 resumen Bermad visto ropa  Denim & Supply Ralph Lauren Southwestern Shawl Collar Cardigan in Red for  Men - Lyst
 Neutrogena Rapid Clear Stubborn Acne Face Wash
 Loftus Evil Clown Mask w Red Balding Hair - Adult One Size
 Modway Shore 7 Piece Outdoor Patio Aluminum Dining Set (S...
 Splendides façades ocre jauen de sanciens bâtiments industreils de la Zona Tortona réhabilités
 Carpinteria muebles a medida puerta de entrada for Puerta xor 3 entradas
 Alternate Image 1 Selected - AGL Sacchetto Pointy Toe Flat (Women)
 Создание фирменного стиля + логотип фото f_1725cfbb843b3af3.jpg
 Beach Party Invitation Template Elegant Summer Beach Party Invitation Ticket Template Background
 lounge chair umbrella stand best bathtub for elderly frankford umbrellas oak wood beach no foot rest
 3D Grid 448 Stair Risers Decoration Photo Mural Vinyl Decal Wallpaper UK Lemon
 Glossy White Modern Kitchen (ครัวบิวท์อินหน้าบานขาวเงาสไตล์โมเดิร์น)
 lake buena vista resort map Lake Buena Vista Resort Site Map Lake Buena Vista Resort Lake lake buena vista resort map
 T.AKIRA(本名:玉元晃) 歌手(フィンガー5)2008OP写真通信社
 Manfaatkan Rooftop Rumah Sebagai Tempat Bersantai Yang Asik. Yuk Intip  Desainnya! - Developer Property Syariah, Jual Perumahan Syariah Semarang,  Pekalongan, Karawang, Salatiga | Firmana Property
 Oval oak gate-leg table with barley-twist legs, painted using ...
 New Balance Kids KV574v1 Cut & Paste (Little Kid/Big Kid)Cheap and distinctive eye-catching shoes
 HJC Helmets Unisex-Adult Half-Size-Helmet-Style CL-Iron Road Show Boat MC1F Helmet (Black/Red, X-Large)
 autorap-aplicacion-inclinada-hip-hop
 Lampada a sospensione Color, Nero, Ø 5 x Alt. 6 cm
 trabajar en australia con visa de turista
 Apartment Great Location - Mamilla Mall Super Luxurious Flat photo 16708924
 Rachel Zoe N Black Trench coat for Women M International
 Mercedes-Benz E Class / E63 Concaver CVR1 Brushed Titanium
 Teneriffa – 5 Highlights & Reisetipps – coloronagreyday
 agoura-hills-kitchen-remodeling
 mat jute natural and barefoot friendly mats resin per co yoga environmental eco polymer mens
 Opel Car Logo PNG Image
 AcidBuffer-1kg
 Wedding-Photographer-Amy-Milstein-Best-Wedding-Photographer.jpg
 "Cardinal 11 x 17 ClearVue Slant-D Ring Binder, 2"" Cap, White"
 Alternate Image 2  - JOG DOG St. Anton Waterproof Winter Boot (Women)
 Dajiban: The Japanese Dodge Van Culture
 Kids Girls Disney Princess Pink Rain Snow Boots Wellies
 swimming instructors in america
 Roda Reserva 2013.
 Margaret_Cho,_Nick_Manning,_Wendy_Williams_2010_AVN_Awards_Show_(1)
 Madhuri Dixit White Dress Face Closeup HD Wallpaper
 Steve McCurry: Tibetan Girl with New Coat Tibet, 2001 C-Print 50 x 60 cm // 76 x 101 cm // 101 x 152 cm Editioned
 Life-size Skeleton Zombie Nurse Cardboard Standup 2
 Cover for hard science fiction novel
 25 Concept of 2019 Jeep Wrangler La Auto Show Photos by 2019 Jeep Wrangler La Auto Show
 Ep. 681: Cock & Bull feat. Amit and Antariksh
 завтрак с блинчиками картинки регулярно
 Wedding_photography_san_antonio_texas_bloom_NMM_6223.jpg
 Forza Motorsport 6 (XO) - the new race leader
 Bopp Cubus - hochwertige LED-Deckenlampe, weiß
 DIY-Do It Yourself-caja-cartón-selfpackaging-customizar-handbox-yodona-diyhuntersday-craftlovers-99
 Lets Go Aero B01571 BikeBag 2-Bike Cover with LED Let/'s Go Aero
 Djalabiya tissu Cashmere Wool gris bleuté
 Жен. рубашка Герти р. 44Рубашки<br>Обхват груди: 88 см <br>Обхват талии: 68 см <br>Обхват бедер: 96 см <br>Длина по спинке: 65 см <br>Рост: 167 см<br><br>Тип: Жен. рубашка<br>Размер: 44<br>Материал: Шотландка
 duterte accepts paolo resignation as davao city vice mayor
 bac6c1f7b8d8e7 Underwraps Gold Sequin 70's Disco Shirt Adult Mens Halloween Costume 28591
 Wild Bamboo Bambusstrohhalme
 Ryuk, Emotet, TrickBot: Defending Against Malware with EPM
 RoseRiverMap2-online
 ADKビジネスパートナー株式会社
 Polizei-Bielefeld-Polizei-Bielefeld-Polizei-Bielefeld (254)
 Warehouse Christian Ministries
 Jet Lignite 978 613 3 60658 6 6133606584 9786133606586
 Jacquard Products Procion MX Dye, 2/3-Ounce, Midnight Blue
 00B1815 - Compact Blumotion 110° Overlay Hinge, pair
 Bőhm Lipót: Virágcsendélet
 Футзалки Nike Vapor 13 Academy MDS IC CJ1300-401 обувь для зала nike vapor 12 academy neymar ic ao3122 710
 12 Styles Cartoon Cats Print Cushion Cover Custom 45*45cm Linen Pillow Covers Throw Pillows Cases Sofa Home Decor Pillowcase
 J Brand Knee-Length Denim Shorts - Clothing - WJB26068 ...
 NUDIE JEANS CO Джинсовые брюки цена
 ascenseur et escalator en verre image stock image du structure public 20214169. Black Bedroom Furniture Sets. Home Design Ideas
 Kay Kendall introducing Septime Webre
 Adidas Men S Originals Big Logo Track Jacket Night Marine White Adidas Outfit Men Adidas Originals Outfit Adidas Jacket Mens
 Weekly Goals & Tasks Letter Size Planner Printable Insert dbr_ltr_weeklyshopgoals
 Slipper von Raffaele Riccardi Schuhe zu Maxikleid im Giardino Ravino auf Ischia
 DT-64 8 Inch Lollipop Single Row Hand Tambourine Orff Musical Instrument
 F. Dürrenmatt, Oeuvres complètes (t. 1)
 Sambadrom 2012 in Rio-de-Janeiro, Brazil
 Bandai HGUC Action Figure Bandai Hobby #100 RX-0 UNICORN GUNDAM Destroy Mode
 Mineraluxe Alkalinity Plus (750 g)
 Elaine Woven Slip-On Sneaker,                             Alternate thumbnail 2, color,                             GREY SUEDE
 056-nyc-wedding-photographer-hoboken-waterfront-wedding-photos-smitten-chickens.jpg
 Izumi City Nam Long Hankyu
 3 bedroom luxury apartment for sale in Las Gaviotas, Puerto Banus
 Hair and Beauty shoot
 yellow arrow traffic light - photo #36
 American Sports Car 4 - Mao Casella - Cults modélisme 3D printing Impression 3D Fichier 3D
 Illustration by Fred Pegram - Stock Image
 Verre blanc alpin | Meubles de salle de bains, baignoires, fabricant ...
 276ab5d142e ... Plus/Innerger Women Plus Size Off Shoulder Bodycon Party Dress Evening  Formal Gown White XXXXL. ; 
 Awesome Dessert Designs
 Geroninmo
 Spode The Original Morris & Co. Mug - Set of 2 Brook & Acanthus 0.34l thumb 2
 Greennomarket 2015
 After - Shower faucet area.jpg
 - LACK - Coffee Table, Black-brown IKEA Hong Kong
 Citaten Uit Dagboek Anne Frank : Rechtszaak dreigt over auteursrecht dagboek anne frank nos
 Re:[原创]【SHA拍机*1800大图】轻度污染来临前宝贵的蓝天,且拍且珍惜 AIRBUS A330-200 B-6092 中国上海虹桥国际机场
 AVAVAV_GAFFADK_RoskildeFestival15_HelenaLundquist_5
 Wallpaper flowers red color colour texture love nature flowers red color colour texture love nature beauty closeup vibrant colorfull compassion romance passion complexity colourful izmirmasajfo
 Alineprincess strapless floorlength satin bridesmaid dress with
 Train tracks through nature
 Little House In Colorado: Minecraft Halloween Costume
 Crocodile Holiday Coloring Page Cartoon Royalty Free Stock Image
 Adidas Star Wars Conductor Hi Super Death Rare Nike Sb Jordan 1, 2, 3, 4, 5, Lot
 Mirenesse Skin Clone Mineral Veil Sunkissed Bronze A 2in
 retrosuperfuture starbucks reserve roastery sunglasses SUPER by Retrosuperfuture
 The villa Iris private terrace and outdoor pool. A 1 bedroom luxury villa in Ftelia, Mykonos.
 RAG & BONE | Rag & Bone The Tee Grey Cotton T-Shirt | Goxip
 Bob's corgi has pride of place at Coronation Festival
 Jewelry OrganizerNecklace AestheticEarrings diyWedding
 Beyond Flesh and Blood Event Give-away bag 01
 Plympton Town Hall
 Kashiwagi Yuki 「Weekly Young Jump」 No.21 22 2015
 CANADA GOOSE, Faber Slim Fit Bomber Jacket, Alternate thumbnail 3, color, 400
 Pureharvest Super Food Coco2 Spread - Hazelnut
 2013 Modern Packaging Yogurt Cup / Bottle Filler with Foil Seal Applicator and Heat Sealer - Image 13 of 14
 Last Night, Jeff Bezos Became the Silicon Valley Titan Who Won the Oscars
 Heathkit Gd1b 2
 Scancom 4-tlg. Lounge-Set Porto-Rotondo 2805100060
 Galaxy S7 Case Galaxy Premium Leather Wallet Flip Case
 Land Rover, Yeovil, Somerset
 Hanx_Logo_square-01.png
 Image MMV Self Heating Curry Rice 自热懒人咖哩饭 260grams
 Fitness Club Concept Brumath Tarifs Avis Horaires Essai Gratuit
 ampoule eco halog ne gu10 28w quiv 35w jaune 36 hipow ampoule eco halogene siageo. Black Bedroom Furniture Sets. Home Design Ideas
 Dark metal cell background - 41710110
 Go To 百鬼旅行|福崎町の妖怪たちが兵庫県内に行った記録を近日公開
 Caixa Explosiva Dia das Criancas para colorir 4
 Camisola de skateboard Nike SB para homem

........

### [Work order]
Make a copy of each line in the records that has the word "Furniture".

### [Completed task]
 ascenseur et escalator en verre image stock image du structure public 20214169. Black Bedroom Furniture Sets. Home Design Ideas
 ampoule eco halog ne gu10 28w quiv 35w jaune 36 hipow ampoule eco halogene siageo. Black Bedroom Furniture Sets. Home Design Ideas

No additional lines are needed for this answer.